Кин откинулся в кресле, раздраженно поглядывая на серый экран пульта. Он позволил себе увлечься той, кого давно уже нет. Смешно, безрассудно… Но нет ее только здесь. А там, за этим экраном, она живет, дышит, ждет… И другие, забытые души. Может ли тот, кто там побывал, смотреть на них, как на прошлое? Жестокую шутку играет с людьми Время. И разум не в ладах с сердцем… Легко тебе, Ника. Ты шагнула вперед, не колеблясь, поверив, что призраки оживают. И не было страха в тебе… А как поступить ему, отягощенному знанием? Что выбрать — тебя или целый мир? Твоя любовь дорого стоит… Но стоит ли Кин этой любви?..
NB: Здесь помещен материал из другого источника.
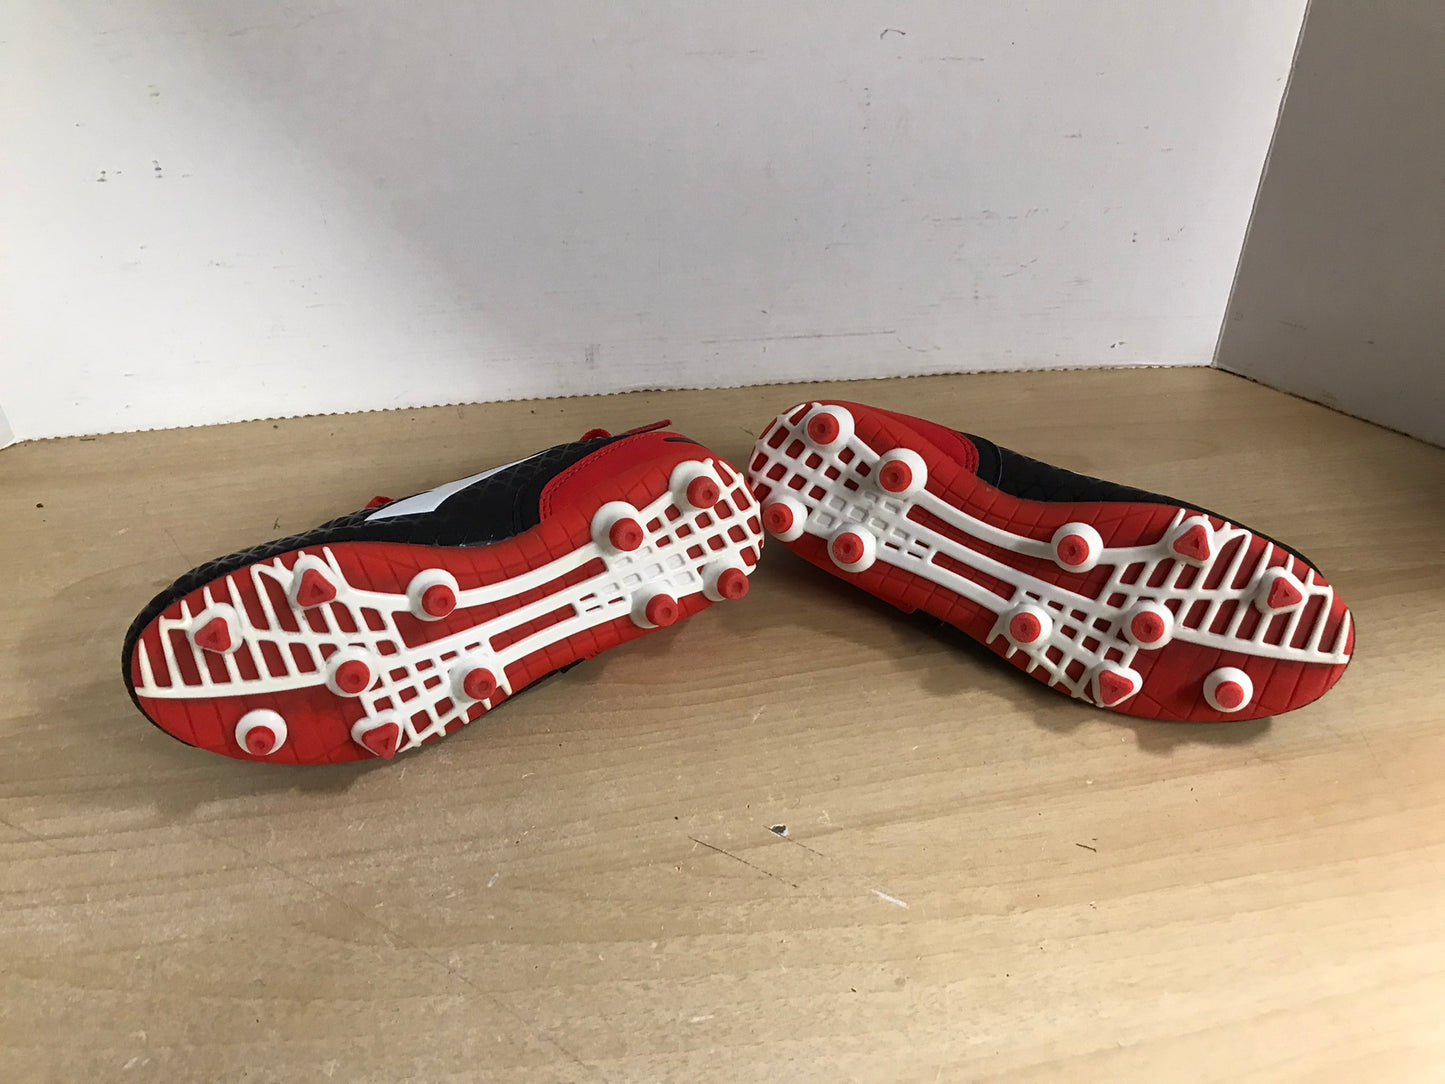 Soccer Shoes Cleats Child Size 3 Adidas Black White Red Excellent New Demo Model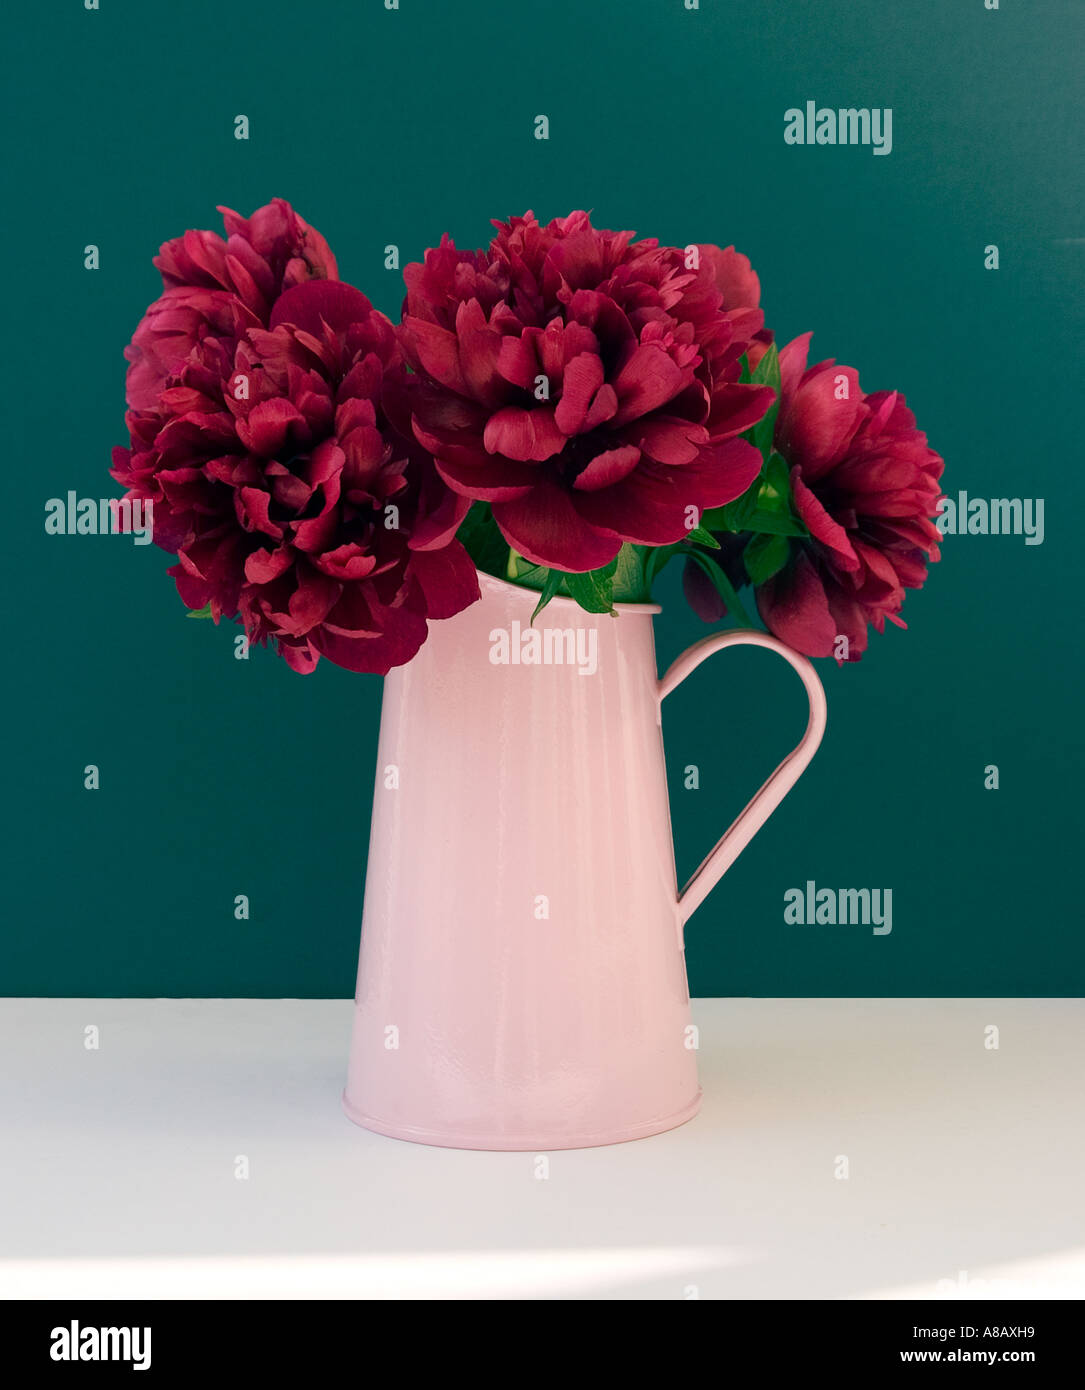 Peonies in a pink jug vase shot against a dark green background Stock Photo

Дежурство кончилось. Сдав вахту, он слонялся по пустым коридорам института, надеясь все же проникнуть в заветную лабораторию. Но она для него теперь — запретная зона. Колодец Времени закрыт наглухо. Таким, как Кин, нарушителям порядка, нет туда дороги…
Убедившись, что все напрасно, он вышел на улицу и долго бродил по ночному парку под вечными звездами, которые светили когда-то Нике — точно так же, как ему сейчас. И было пусто и холодно на душе. И хотелось вернуться в тот давний мир, где не знали электронных чудес и наивные люди были счастливы в своем беззаботном невежестве… В глубине веков, вдали от космической эры, писали свои полотна Рубенс и Ван Дейк. И там осталась бессмертная тень Кина — на потемневшем от времени старом холсте. А он никогда не позировал великому живописцу, потому хотя бы, что никогда его не встречал…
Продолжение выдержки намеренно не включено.